Please return the listing exactly as it stands, skipping any pictures.

* SUPPLIED DATA *
⁂

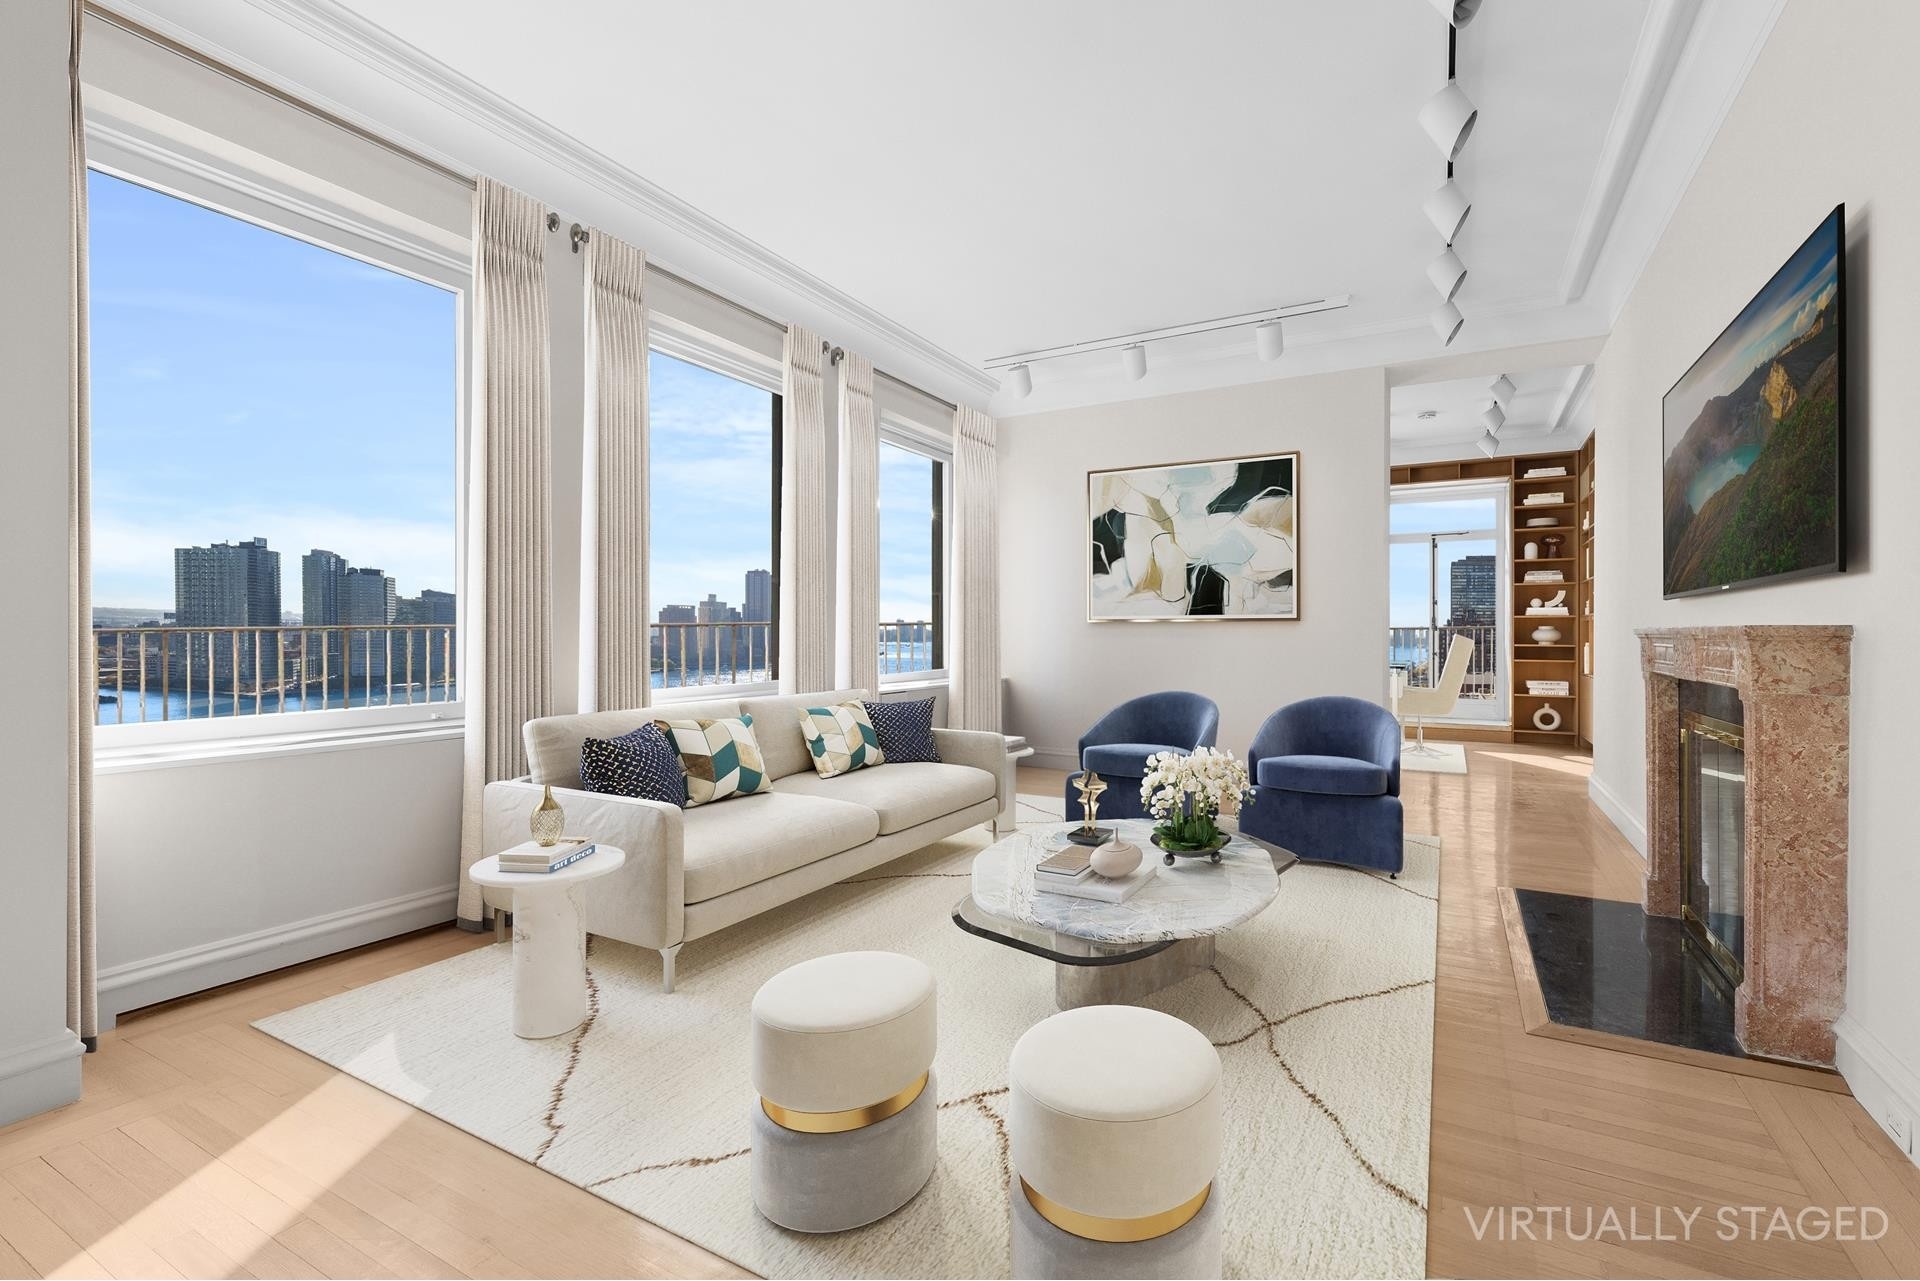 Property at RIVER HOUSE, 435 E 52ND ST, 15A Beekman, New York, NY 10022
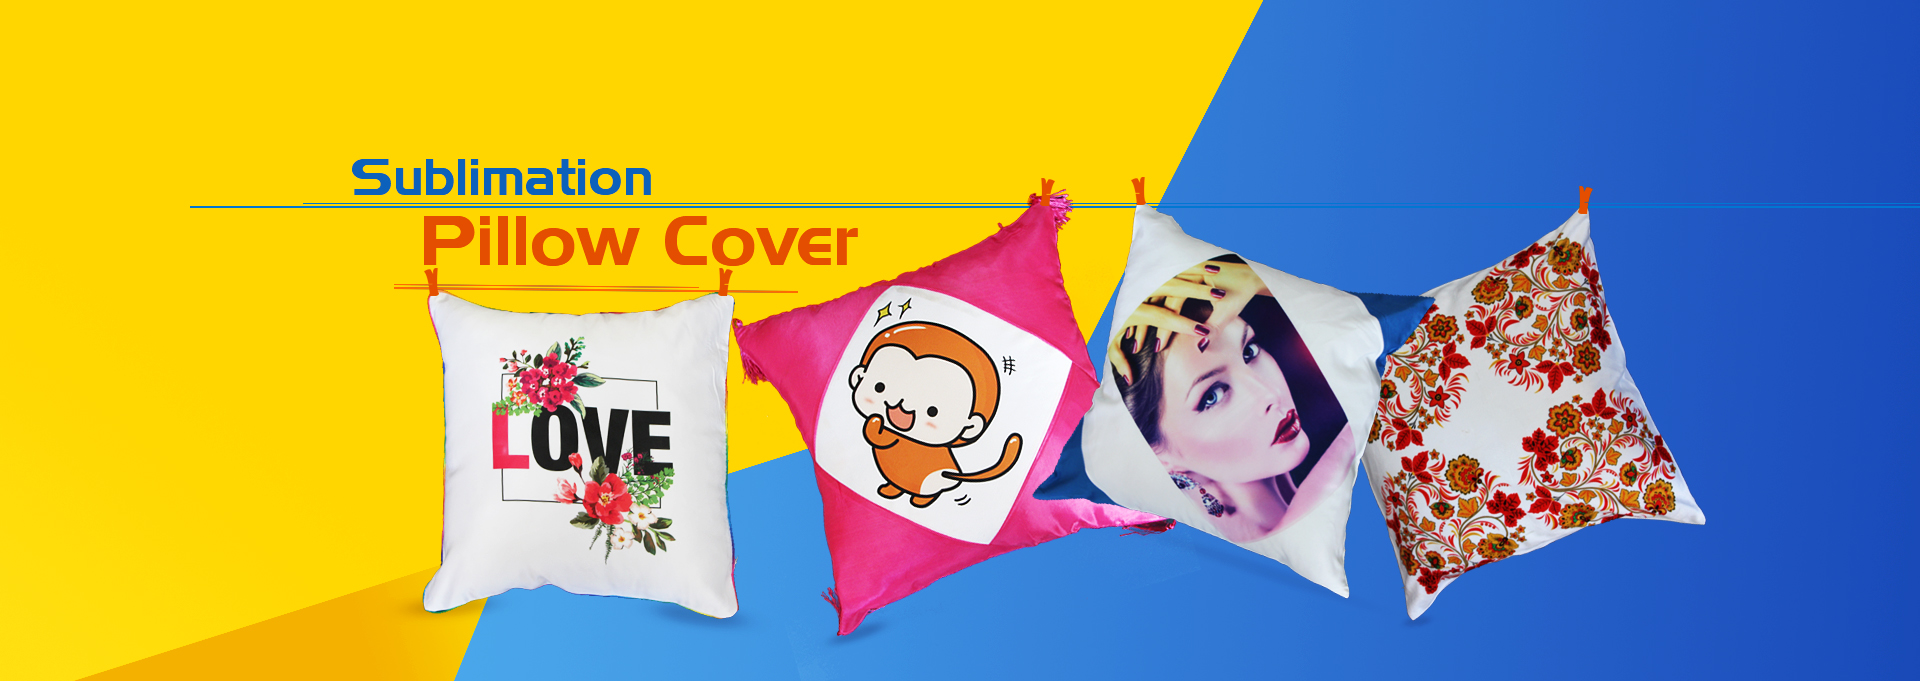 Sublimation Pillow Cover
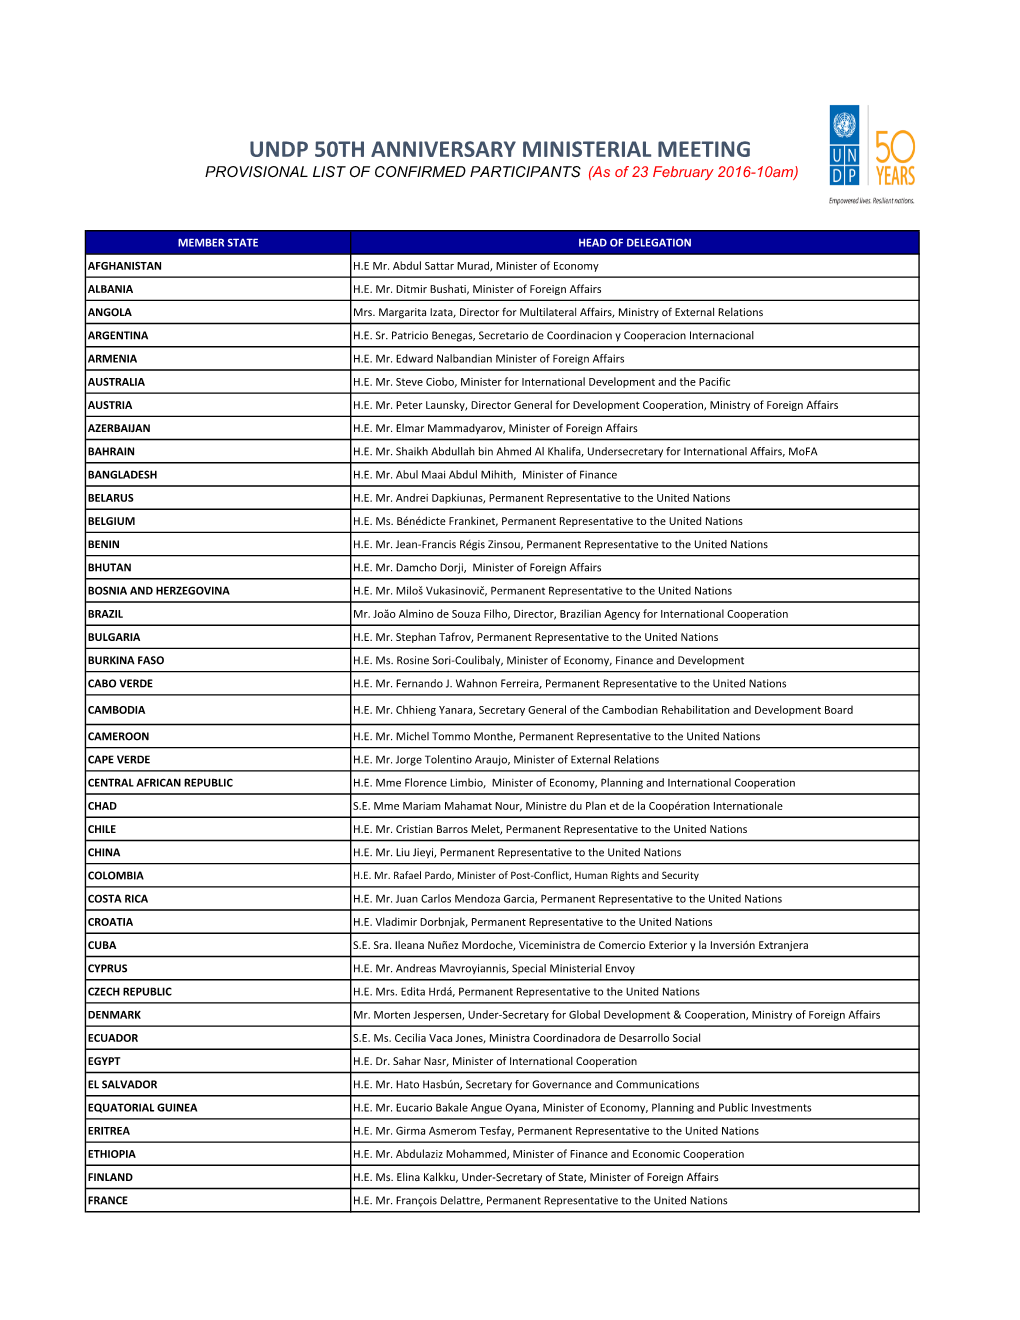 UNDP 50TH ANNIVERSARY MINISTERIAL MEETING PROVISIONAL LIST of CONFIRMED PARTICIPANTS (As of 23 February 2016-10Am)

⁂

* TASK SOLUTION *
 Property at RIVER HOUSE, 435 E 52ND ST, 15A Beekman, New York, NY 10022
 Sublimation Pillow Cover
 UNDP 50TH ANNIVERSARY MINISTERIAL MEETING PROVISIONAL LIST of CONFIRMED PARTICIPANTS (As of 23 February 2016-10Am)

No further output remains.